To listen to this interview in MP3 format click here

 

Question: What are the priorities for the Conservatives in Wales in 2008?

 

Bourne: The main challenge is going to be the local authority elections because all council seats in Wales will be fought and we will be putting up far more candidates than we have done previously.

 

Traditionally this is our weakest area in elections in Wales so we are hoping for great things and to win many more seats and perhaps more councils.

 

Question: Does the fact that Labour and Plaid Cymru are in coalition together give you an electoral stick to beat them both with?

 

Bourne: Obviously we will be pointing to things that they have done as an assembly government and where they have got it horribly wrong and no doubt that will help us and other opposition parties, I've no doubt about that.

 

They are wedded together in the assembly, if things go well, which they don't appear to be doing, they'll get the credit and if things go badly, as they are, they'll get the blame.

 

Question: Will the One Wales coalition last the year?

 

Bourne: Oh yes I think it will last the year and probably longer, it's the only show in town and they have to stick together. The ministerial team will be keen to do that.

 

Whether or not their backbenchers will be so keen, and whether or not their activists will be so keen, I think is another matter.

 

There are going to be difficulties, clearly they are not delivering on the constitutional promises and all of the financial things have been diluted as well and it doesn't seem to be a very happy alliance but it will hold together, certainly in the short term.

 

Question: As you say many activists will be very unhappy at the coalition - will that cause problems?

 

Bourne: If you look at Gwynedd, the parents that are fighting to keep schools open will be blaming the Welsh assembly government and the alliance that includes Plaid Cymru.

 

At the same time Plaid have got precious little on the constitutional front despite that seeming to be the basis on why they went into an alliance with the Labour Party. So an awful lot of activists wouldn't have wanted to go into a coalition with Labour had they had a choice. So I think there will be difficulties ahead.

 

Question: Has becoming the official opposition helped to raise the Conservatives' profile and improve your performance?

 

Bourne: I believe it has.

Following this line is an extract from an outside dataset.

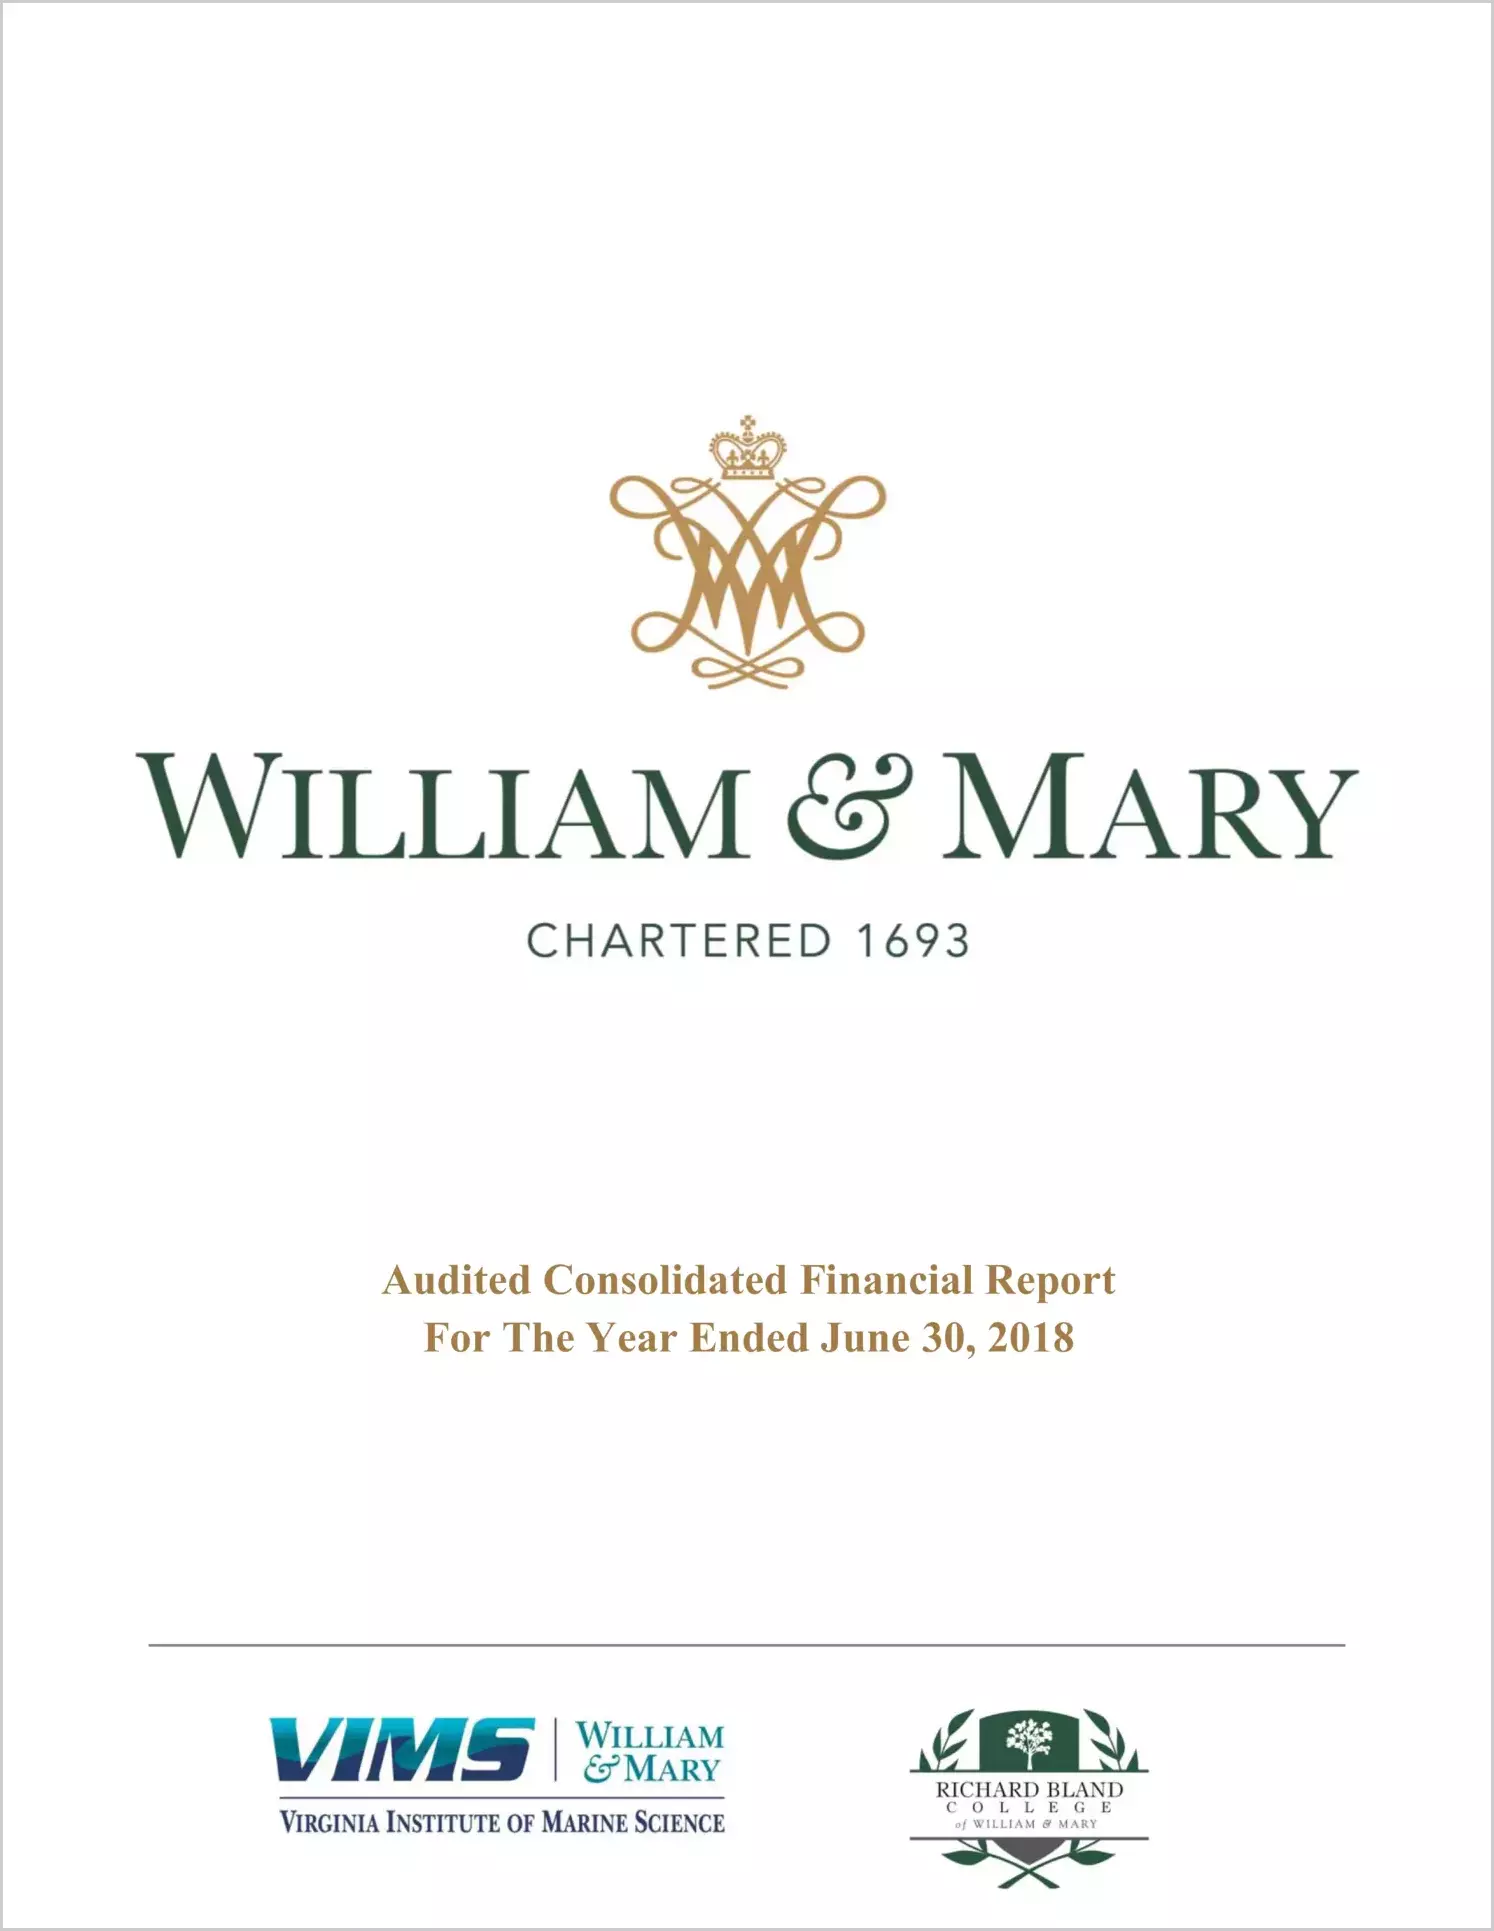 William & Mary, Virginia Institute of Marine Science, and Richard Bland College Financial Statements for the year ended June 30, 2018

As I said to our team recently it has been the best term for the Conservative group in the assembly that I can remember.

 

It's a very good, very cohesive group, we've got new members who are performing extremely well and as a shadow ministerial team it has raised our profile.

 

In the third-term assembly opposition parties get more guaranteed debating time anyway and so we've had many, many more opposition debates than we have had previously and I think we have made the best use of them.

 

It is government and opposition and we are the only real opposition so we have been getting more coverage and a higher profile so it has been good for us.

 

Question: Won't extending devolution incrementally in the devolved parts of the UK inevitably lead to a break up?

 

Bourne: I don't see that at all, I don't understand people who put that argument forward and say there is something inevitable about independence.

 

That has not been the case in Spain, in Germany, the US or Australia so I can't see that if you have a separation of powers for the constituent parts of a nation state that it leads to independence.

 

In fact you can put forward a very strong case that it is much more likely to bind parts together if you do recognise that they are different and act differently on areas of policy, obviously for foreign policy or taxation but elements of domestic policy.

 

Question: So you don't believe that David Cameron's desire to give English-only votes on English matters in Westminster will erode those bonds?

 

Bourne: I'm not concerned about it and I don't think it would erode the bonds. The English dimension is the dimension that's not been answered since there has been devolution in Wales, Scotland and Northern Ireland.

 

There is a measure of it in London but nowhere else in England.

 

As by far the largest part of the UK, we have to see how we treat English issues where we have seen in the past measures carried on the back of Scottish MPs.

 

It does not make sense and that matter has got to be addressed.